Frequentemente, é o produto final de uma via metabólica,

quando se acumula em excesso, que inibe a 1ª enzima, por
ligação ao centro alostérico.
Quando a concentração de produto final diminui, este liberta-
se do centro alostérico e a enzima retoma a atividade, fazendo
aumentar de novo a concentração do produto final.

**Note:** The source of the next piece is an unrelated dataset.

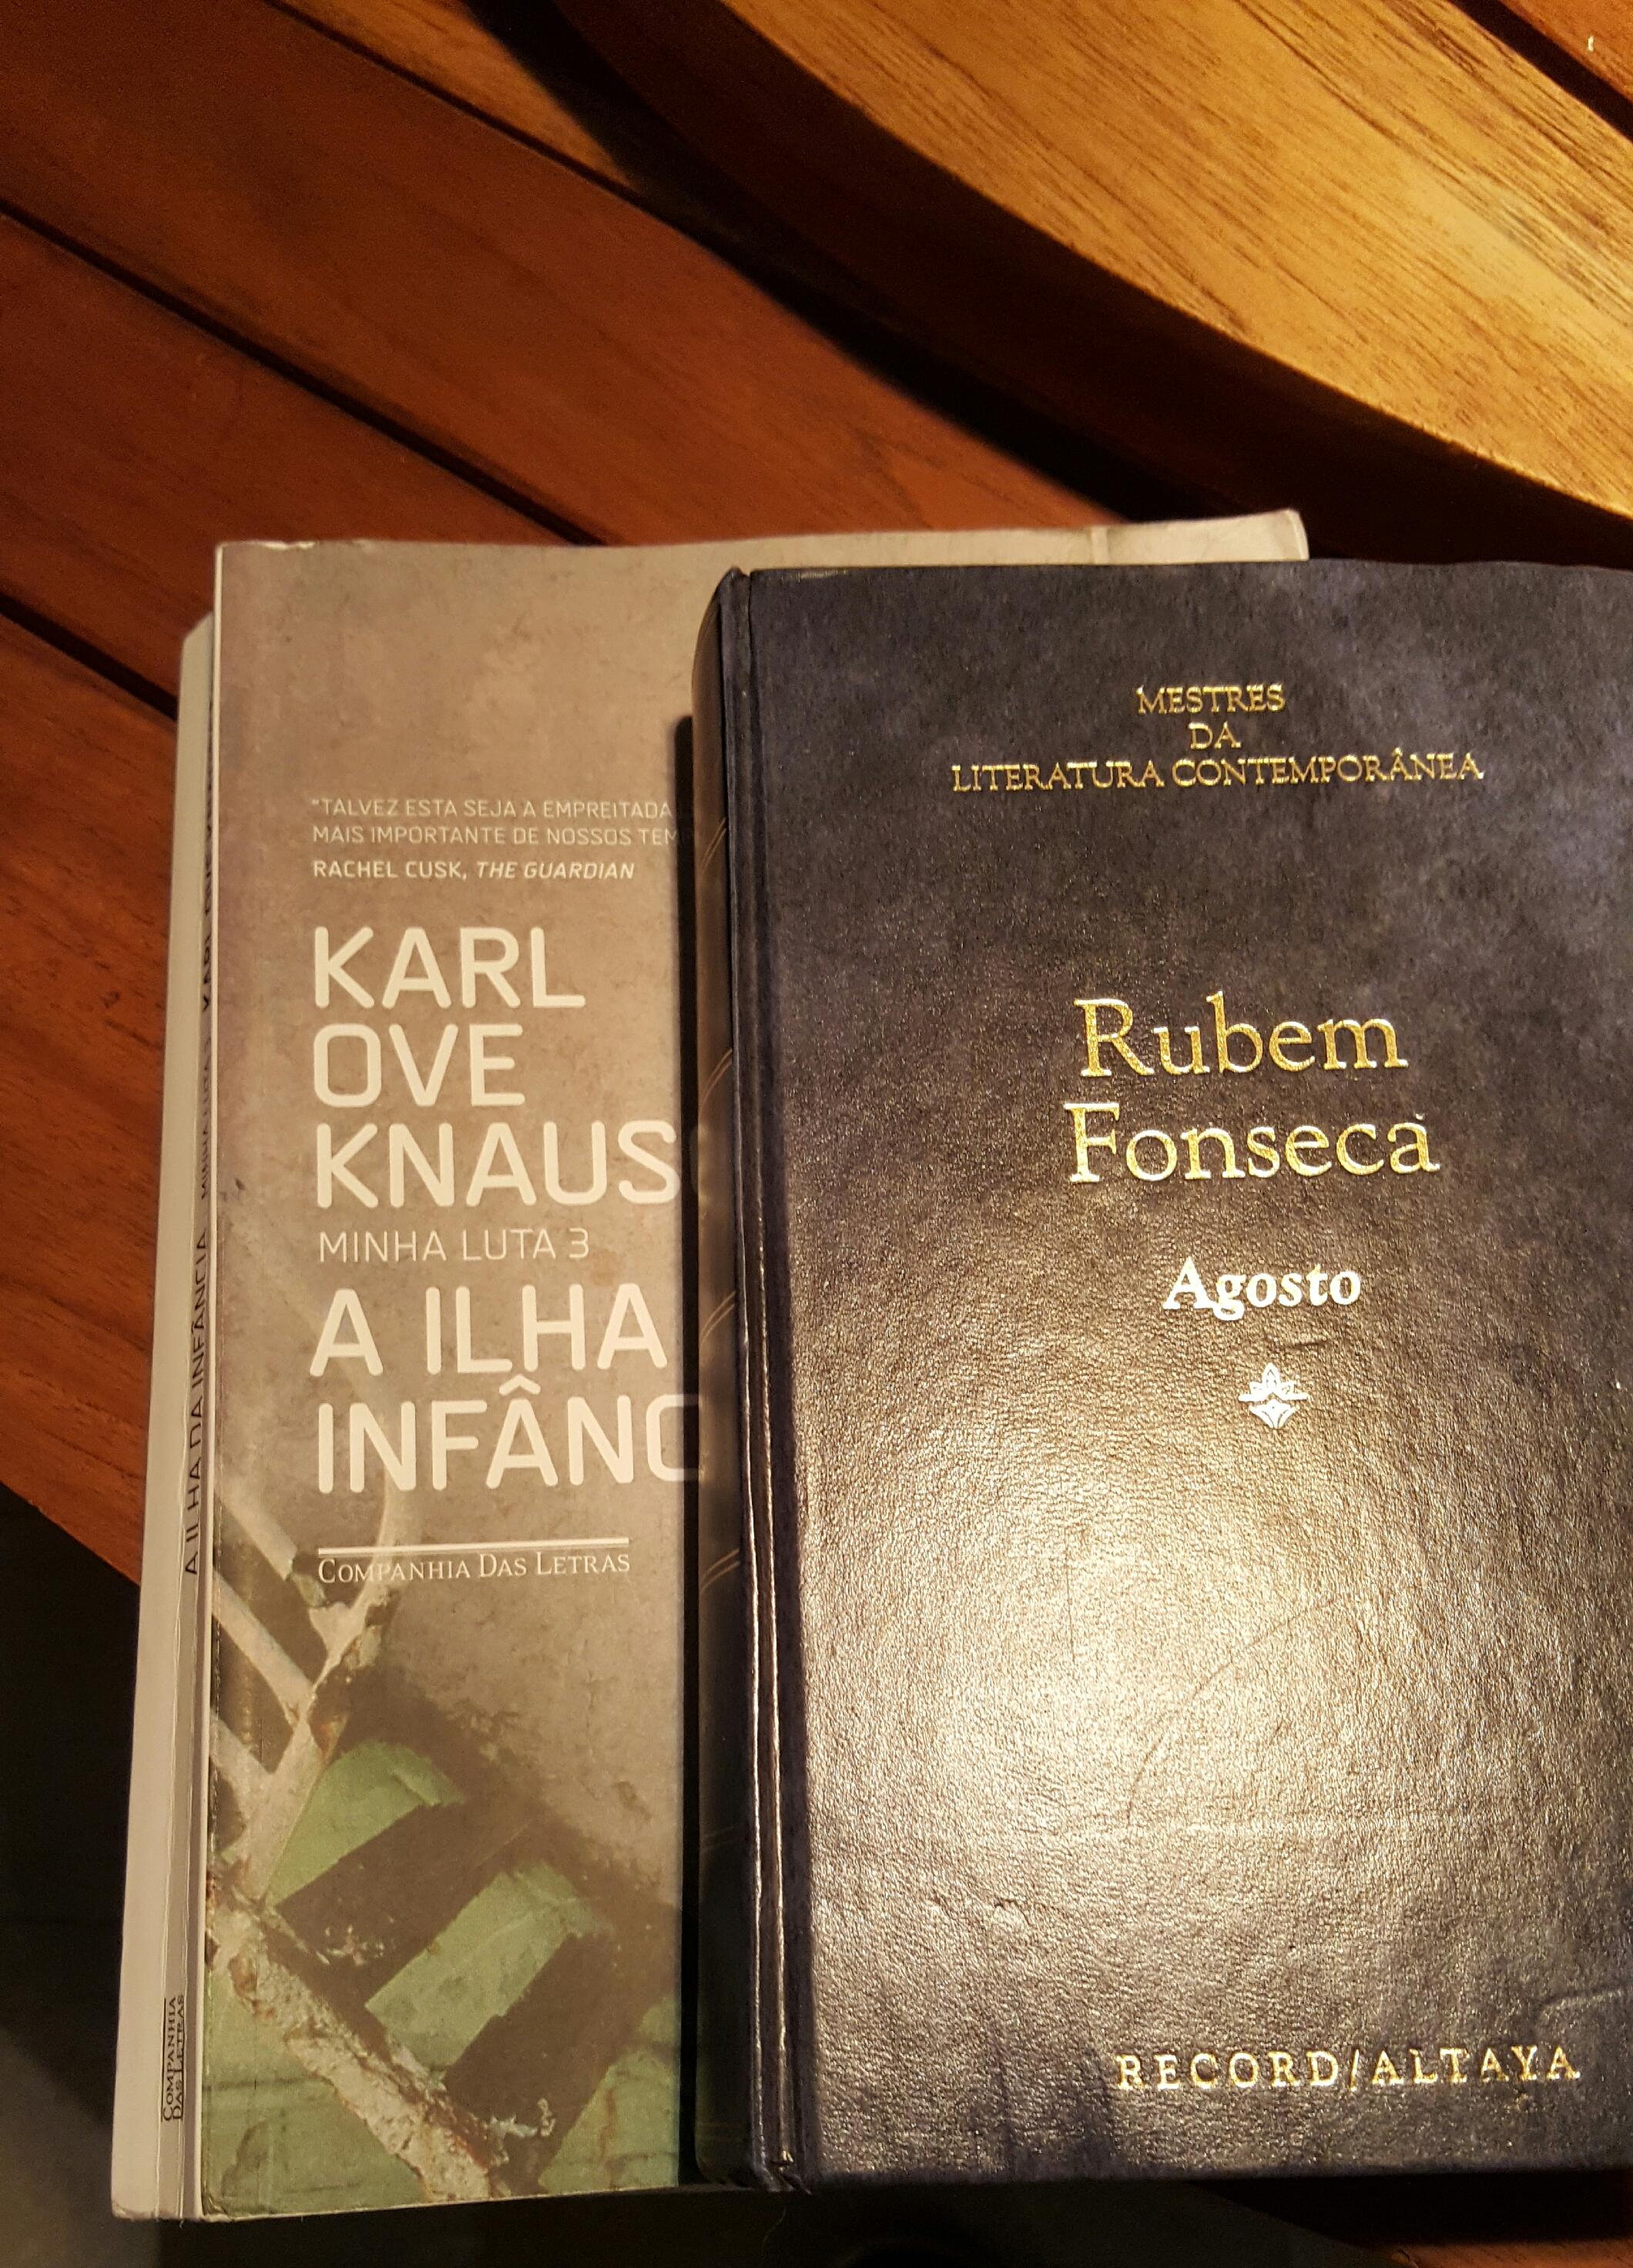 Rubem Fonseca, Knausgard

Medida na qual o retrocontrolo exercido pelo produto final de

uma via metabólica contribui para a economia celular:
Verifica-se que, quando o produto final é formado em excesso,
estas moléculas atuam como inibidores da 1ª enzima da cadeia
metabólica, evitando o excesso dessa substância relativamente
às necessidades celulares.

Razão pela qual a inibição não competitiva, que está na base

do controlo de diversas vias contribui para a economia celular:
Quando a concentração do produto começa a ser baixa, é
necessário que a via metabólica se torne novamente ativa,
repondo essa substância em falta. Para que a via metabólica
volte a funcionar, é necessário que a inibição seja revertida
(inibição reversível), isto é, que a molécula que estava ligada à
1ª enzima da cadeia metabólica se liberte do centro alostérico
da enzima, permitindo o reinício da sua atividade catalítica,
começando, assim, a aumentar a concentração de produto final.